The joint Iran-Russia nuclear power plant in the Gulf port of Bushehr in southern Iran will be inaugurated in late September, Foreign Ministry spokesman Ramin Mehmanparast said Monday, reported dpa.
ILNA news agency quoted him as saying that that all tests and necessary arrangements were currently underway and the plant would be opened in one and a half months.
The spokesman added that the "real fuel" would reach the plant within months after the opening and the complex would then start its operation at "maximum level."
The tests of the 1,000-megawatt light-water reactor have so far been carried out using "virtual fuel" as Bushehr's nuclear fuel remains under International Atomic Energy Agency seals.
The Russians have several times delayed the completion of the plant for various reasons, including political considerations.

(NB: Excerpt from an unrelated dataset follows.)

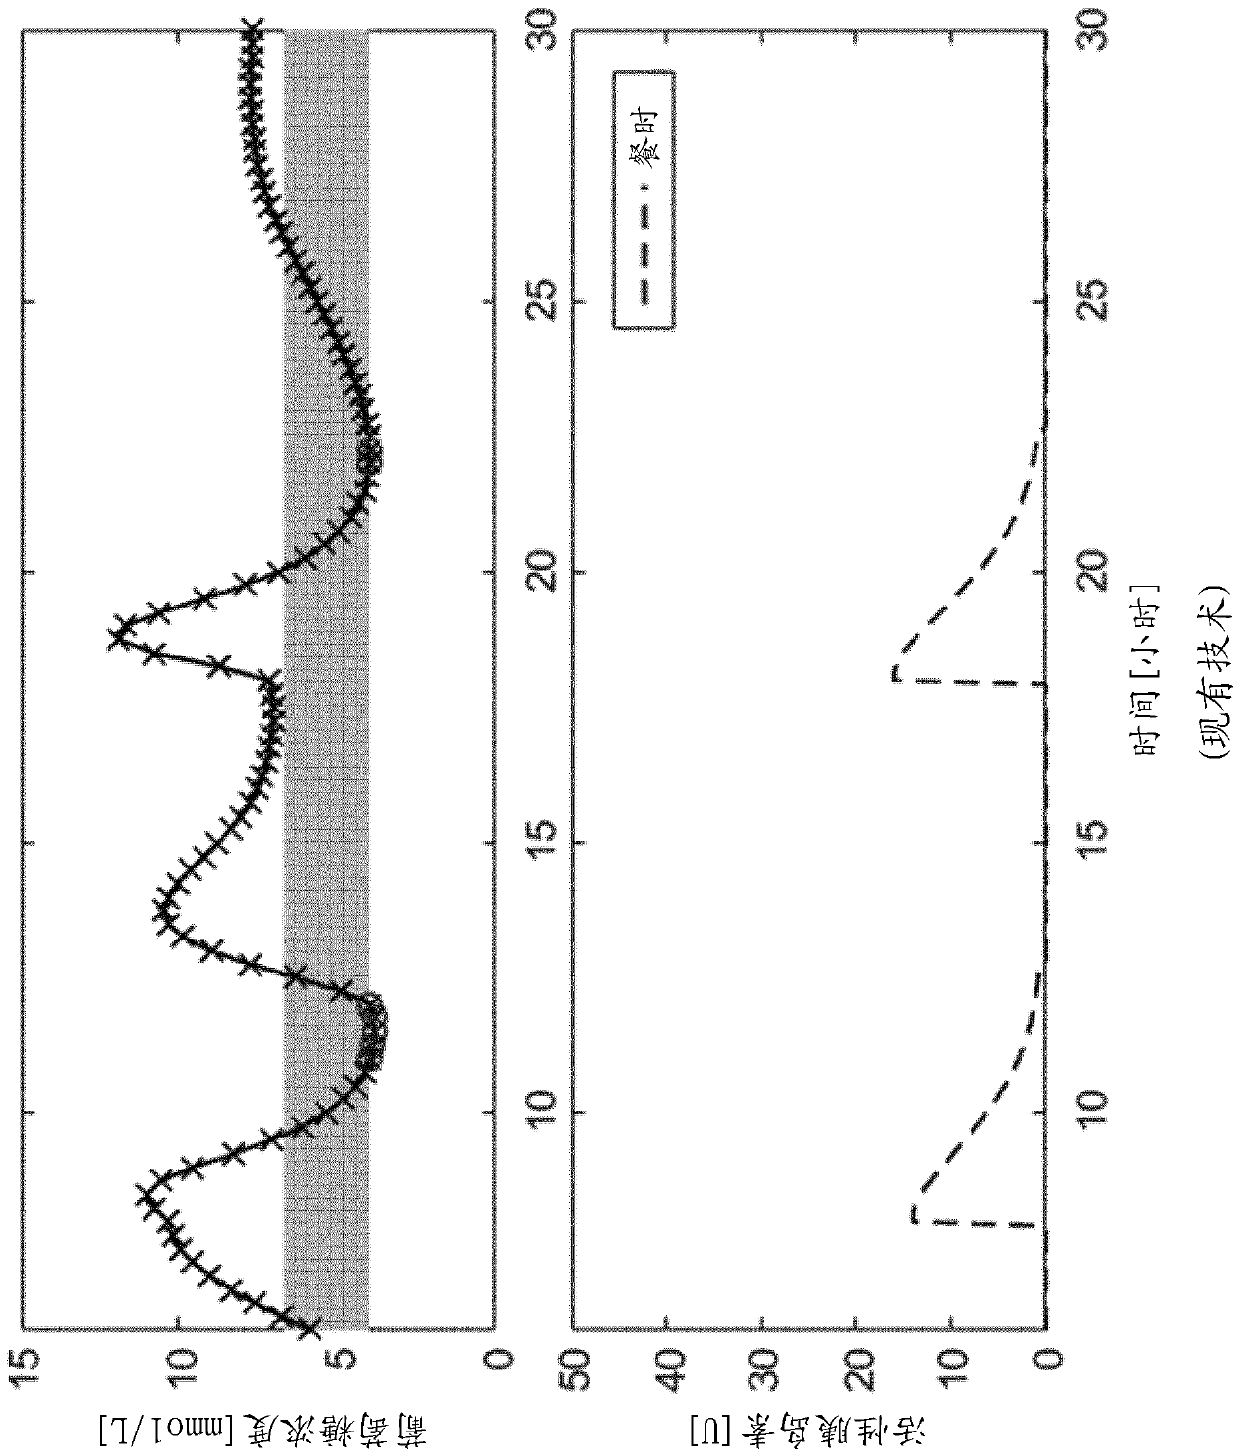 Systems and methods for optimization of bolus insulin medicament dosage for meal event

Russia has constantly rejected Iran's criticism over the delay and said that the plant was not an ordinary project because Russia came into the project after the plant was first started by a German firm in the mid-1970s and so first had to adapt it to Russian technology.
Iran has received 87 tons of low-enriched uranium from Russia for the plant, sufficient to run it for about three years.
Despite concern in the West over Iran's nuclear programme, the light-water project in Bushehr is tolerated due to Russia's involvement and guarantees that nuclear fuel for the plant will be delivered from, and the nuclear waste returned to, Russia.
Iran says that its nuclear projects are just for civilian purposes while the West is concerned that Iran is clandestinely pursuing a nuclear weapons programme.